Anti myc mouse monoclonal antibody

Xenopus laevis oocytes were injected with cRNA of noninactivating (Δ6–46) Shaker K_V channels (Hoshi et al., 1990 (link)) that contained a c-myc epitope (Glu-Gln-Lys-Leu-Ile-Ser-Glu-Glu-Asp-Leu) inserted at the C terminus (after Val638) and incubated in ND96 solution (in mM: 96 NaCl, 2 KCl, 1 MgCl₂, 1.8 CaCl₂, and 5 HEPES, pH 7.6) at 17°C. 24 h after injection, oocytes were exposed to 10 mg/ml PNGase F diluted 1:10 in ND96. The enzyme activity was monitored by removing 10 oocytes at different times, supplemented with 100 mM glycine and lysed in 200 µl buffer H (1% Triton X-100, 100 mM NaCl, and 20 mM Tris-HCl, pH 7.4).
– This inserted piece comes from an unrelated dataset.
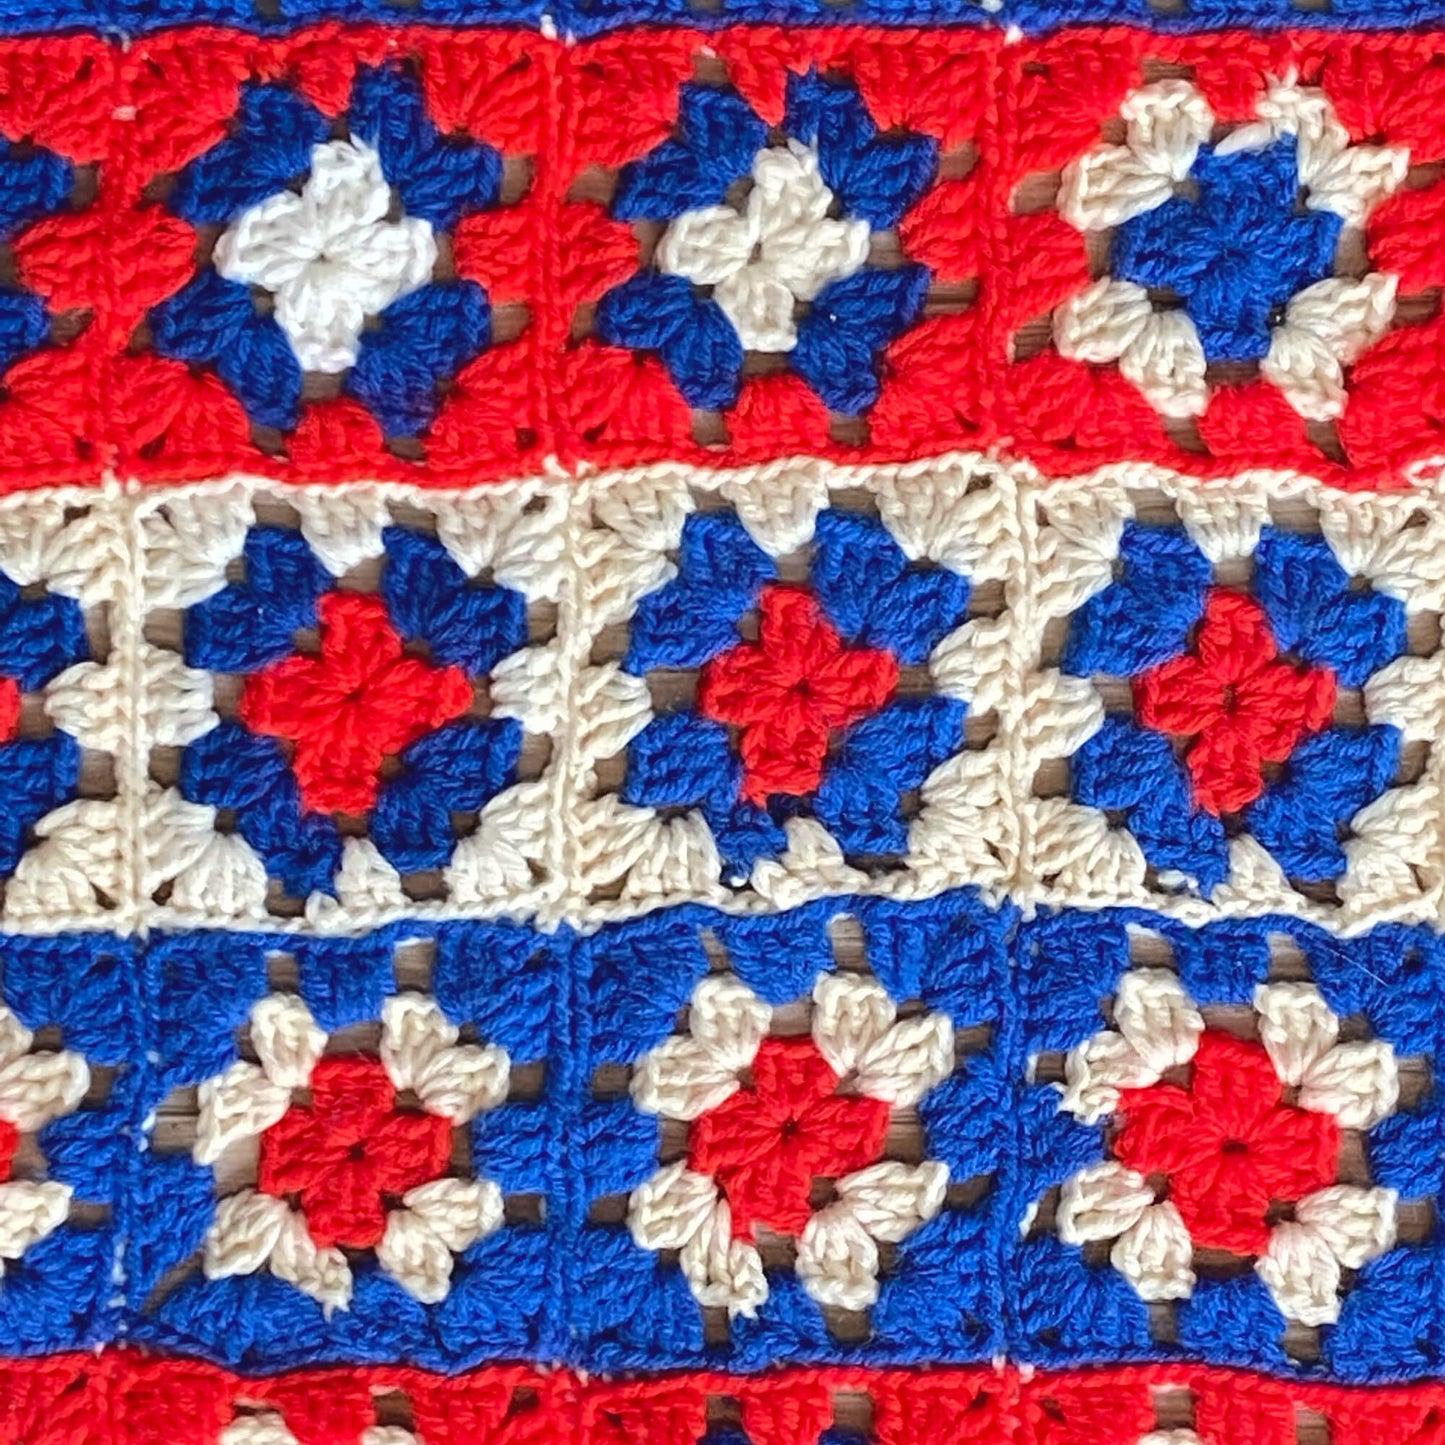 Red_White_Blue_Patriotic_CrochetBlanket_48x60_Handmade_Vintage_1970s, close-up-view.

Lysates were rocked at room temperature for 15 min and then centrifuged at 13,000 rpm for 3 min. The pellet was discarded, and the supernatant was analyzed by Western blot by using anti–Myc mouse monoclonal antibody at a dilution of 1:5,000 (Clontech) and detected with a secondary, goat anti–mouse antibody conjugated to horseradish peroxidase at a dilution of 1:10,000 (Pierce). Membranes were developed by SuperSignal WestFemto (Thermo Fisher Scientific) and visualized by chemiluminescence by using a FluorChem E Imager (Cell Biosciences).